С запозданием зачуфыкали минометы Громова. Теперь уже наши разрывы кромсают травянистое поле. Тяжелые батареи бьют по деревне. Отбой. Передышка…

— Лукин! Немедленно сменить позицию! И пока тихо, отправь раненого на санпункт.

— Его ж надо нести, — возражает Лукин, — придется двоих.

— Дозвольте мне, взводный, — просит Шугай, — я его одним духом, как ребятенка, допру.

— Действуйте! Я к Бахвалову. Закревский, за мной!

Наши пулеметы умолкли, и только дед Бахвалов всё еще ведет огонь. «Максим» закатывается на всю ленту. Сокращая расстояние, мы бежим по верху траншеи, и я злюсь: куда палит, старая борода?

«Фьють! Фьють! Ийоу! Дзинь!» С разбега обрушиваюсь в окоп и вижу только одного Пыркова. Он точно прирос к пулемету. Над кожухом клубится пар.

— Прекрати огонь! — Не слышит и не понимает. — Черт! Сатана! — Я бью кулаком по его пальцам, но Пырков не отпускает рукоятки и ничего не чувствует.

За моей спиной сопит Закревский, пытаясь оттащить пулеметчика за шиворот. Я выплескиваю Пыркову в лицо остатки воды из своей фляжки. Он вздрагивает, разжимает руки и тяжело сползает на дно окопа. Слышу свистящий шепот:

— Ох, это вы…

— Закревский, дай ему попить!

Разряжаю пулемет и открываю крышку короба. Не высовываясь из-за щита, на ощупь нахожу пробку на кожухе и, обжигая руки, выпускаю горячую, как кипяток, воду. Достаю из сумки пузырек с веретенкой и поливаю горячую раму. Масло шипит, как на раскаленной сковородке. Угарный дымок ударяет в нос.

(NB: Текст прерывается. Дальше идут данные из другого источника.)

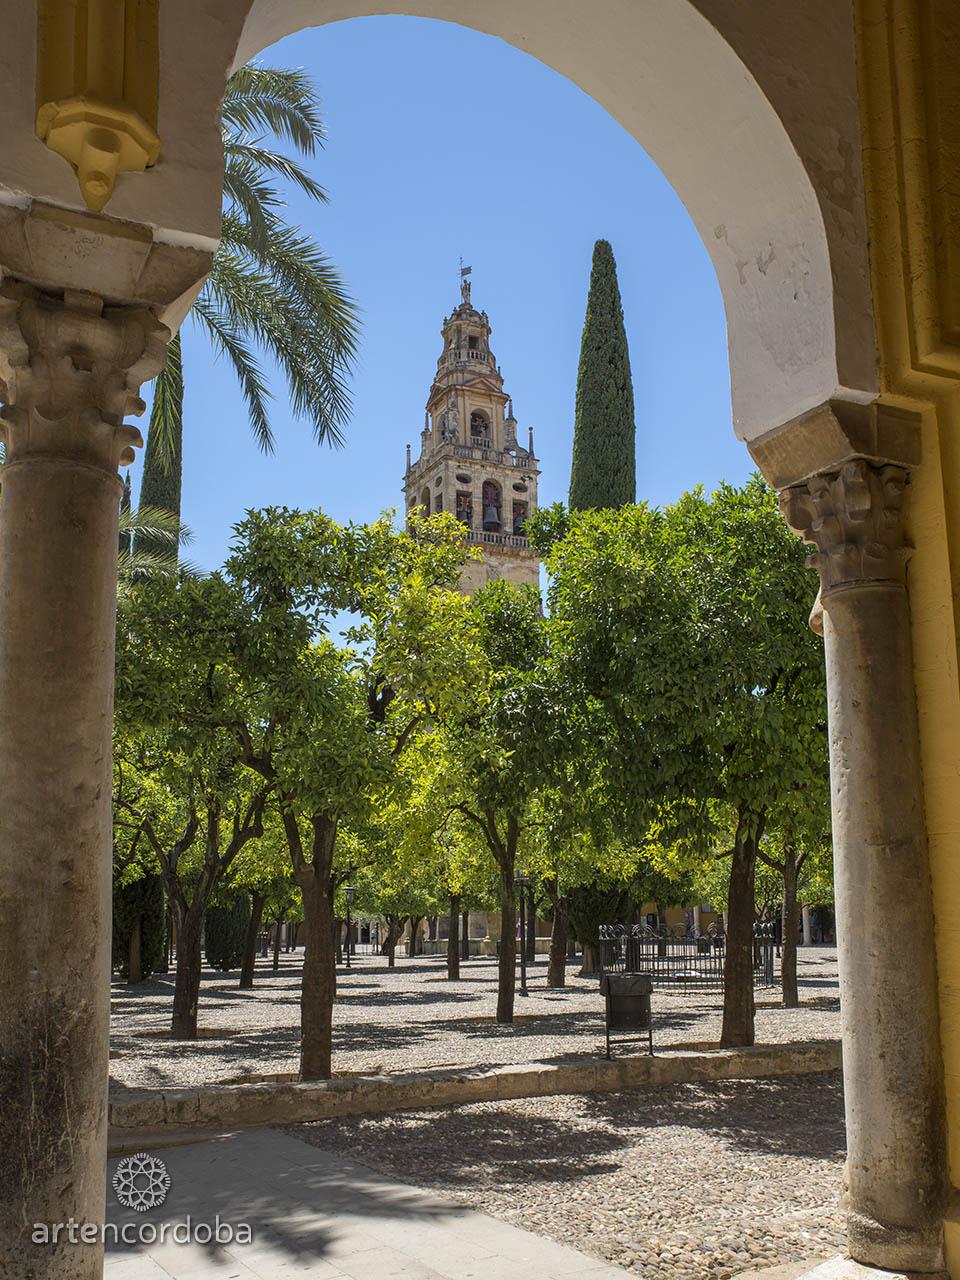 La Torre-Campanario vista desde el Patio de los Naranjos de la Mezquita-Catedral de Córdoba

— Где Бахвалов и остальные?

Пырков показывает вверх, на бруствер, безнадежно машет рукой. Выглядываю из окопа и чувствую, как у меня дрожат губы.

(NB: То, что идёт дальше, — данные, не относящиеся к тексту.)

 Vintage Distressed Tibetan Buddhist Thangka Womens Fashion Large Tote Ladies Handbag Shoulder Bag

— Что ж ты делаешь, подлец! — Я гневно поглядела на Пыркова. — Это ж твои товарищи!

Они лежат на бруствере, лицом к пулемету, спиной к противнику, по двое с каждой стороны площадки: дед Бахвалов, Коля Зрячев, Портнягин и Никулин… Даже мертвые защищают свою позицию…

— Им теперь всё равно, — глухо говорит Пырков, — а мне надежное прикрытие.

Снимаем всех четверых по очереди. У деда Бахвалова осколком изуродовано лицо. Осторожно выбираю из его закрытых глаз вдавившиеся стекла очков и долго не могу унять дрожь губ… Сморкаясь в подол гимнастерки, тихо плачет Закревский.

— Назначаю тебя командиром отделения, — говорю Пыркову, — и вот тебе первый солдат, — киваю на Закревского.

Пырков кривит губы:

— Этот?

— Не косись. Закревский держится молодцом. Ладно, Саша, хватит. Где вода?

— Залить? — спрашивает Пырков.

— Подожди, пусть остынет. Что ж ты лупишь, как ненормальный? Ведь машину можешь загубить! Да и кто тебе будет набивать ленты? Сколько осталось?

— Неполных две.

— Меняем позицию, пока тихо. Вправо двести. Там есть удобная площадка. Двинули!

Отделение в составе двух человек подхватывает пулемет за хобот. Я беру две коробки с лентами и банку с водой.

Перебрались благополучно. Закревский за два рейса перетащил всё остальное. Стрелки принесли ящик патронов. Торопливо набиваем ленты. Как можно спокойнее я говорю Закревскому:

— Не портачь. Выравнивай о колено, а то будет перекос патрона. И что ты трясешься? Ничего нам не будет до самой смерти.

— Это так… нервное…

— Ну, ребятки, держитесь. Я вам пришлю подмогу. Больше выдержки — патроны беречь. Огонь только по живой силе. Я ненадолго к Непочатову, а потом опять к вам.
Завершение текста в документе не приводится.